I was re-reading, after many years, Martin Wickrmasinghe's classic work 'Ape Gama' published some seventy years ago. It has been admirably translated into English by Lakshmi de Silva under the title 'Lay Bare the Roots.' I like the pun in the title, because Wickraminghe's text is as much about roots as it is about routes. To lay bare the routes that he has traversed is indeed an important segment of the intended meaning of this book.

'Lay Bare the Roots' is important in assessing the body of work produced by Wickremasinghe for two reasons. First, this manifests his resolute determination to open up a narrative path for realistic fiction, moving away from the fantasy-driven, didactic fiction that was current at the time culminating triumphantly with the novel 'Gam Peraliya,' Second, the sense of nostalgia that animates 'Lay Bare the Roots', and the author's distinctive way of harnessing it, offers us a useful key with which to unlock some of his deeper ambitions as a writer.

'Lay Bare the Roots' deals with the conditions of Southern Sri Lanka nearly a century ago. The author has sought to recapture the sights and sounds of his young days realistically and vividly. He uncovers for us memorably, not without a sense of nostalgia, some of the more interesting characters that he encountered, the arts and crafts that were practiced, as well as pranks of young children. He also describes his first exposure to urban culture, thereby, through the ploy of juxtaposition, deepening our understanding of peasant culture. Thanks to the kindness and largesse of my friend Ranga Wickremasinghe, I was able to experience first hand the landscapes that his father marveled at, experiencing the feel of the earth he walked and the air he breathed.
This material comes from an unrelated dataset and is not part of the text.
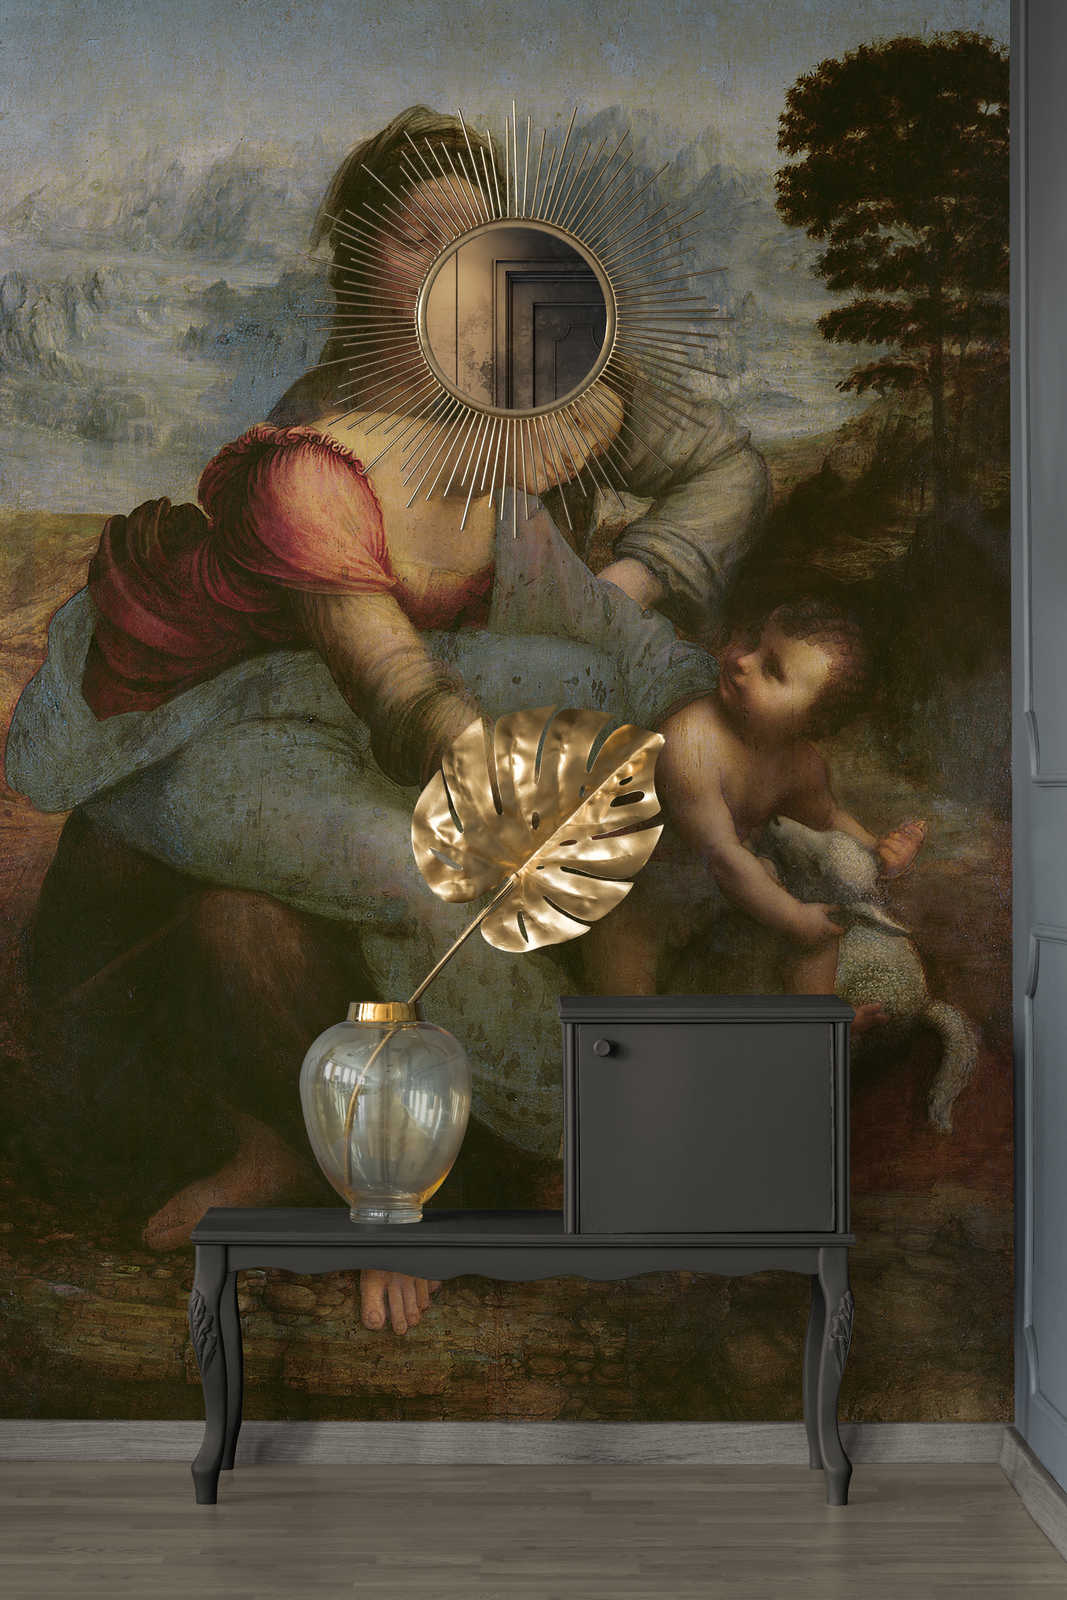             Photo wallpaper "Virgin and Child with St. Annaum" by Leonardo da Vinci
        
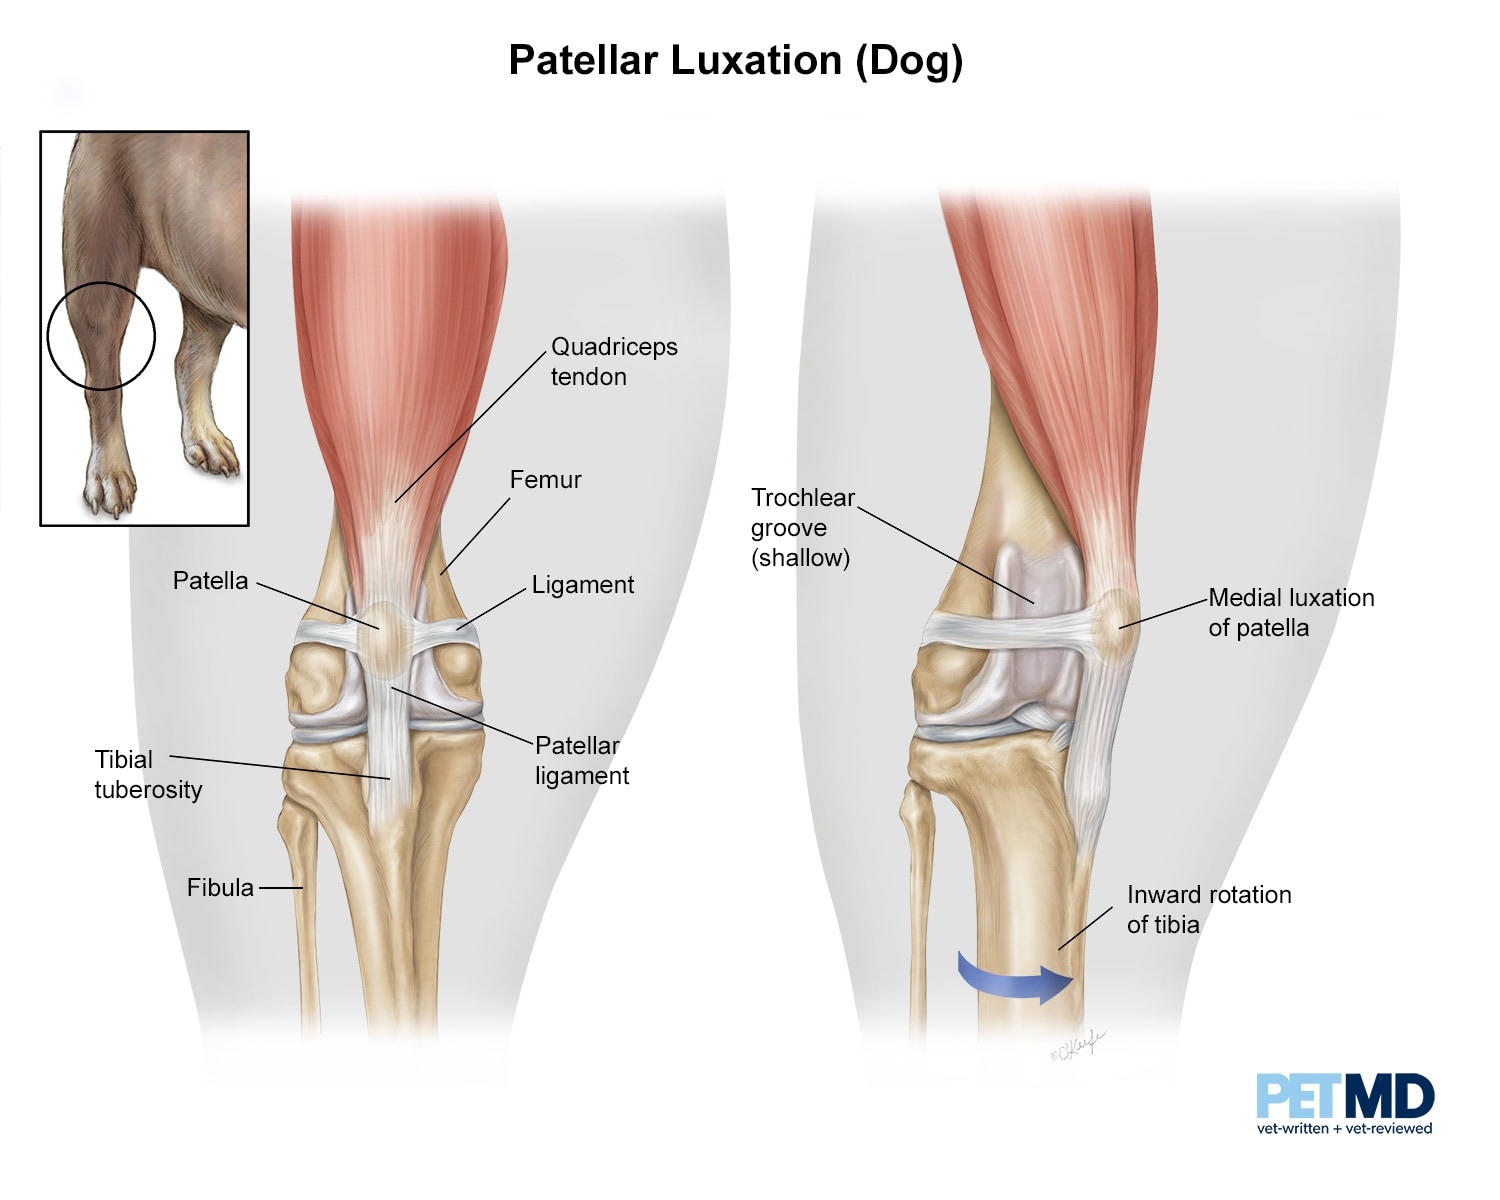 Patellar luxation (dog)

A sense of nostalgia, the loss of a certain kind of social living and structure of feeling, clearly pervades this book. Nostalgia is indeed a concept that has stirred a many-sided interest among cultural theorists in recent times. The word nostalgia is derived from two Greek words meaning 'homesickness.' This word was put into circulation by a Swiss doctor Johannes Hofer who employed the term to signify a medical condition of soldiers who were desperately keen to return home. However, today, the term has moved beyond its original circumference of meaning in medical discourse and has entered the discussions of cultural theorists where it occupies an ambivalent space flanked by the contradictory ideas of homesickness and being sick of home.

Nostalgia signifies both a longing for lost space and longing for lost time. The recognition of irreversibility of time is a factor that sets in motion nostalgia. Svetlana Boym, who in my judgment, has written the most prescient book on nostalgia ('The Future of Nostalgia') says that, 'At first glance, nostalgia is a longing for a place, but actually it is a yearning for a different time - the time of our childhood, the slower rhythms of our dreams. In a broad sense, nostalgia is rebellion against the modern idea of time, the time of history and progress.' When we examine the philosophical strategies of thinkers such as Nietzsche (his concept of eternal return, for example), we see how they have sought to overcome the irreversibility of time, and thereby undermine the power of nostalgia.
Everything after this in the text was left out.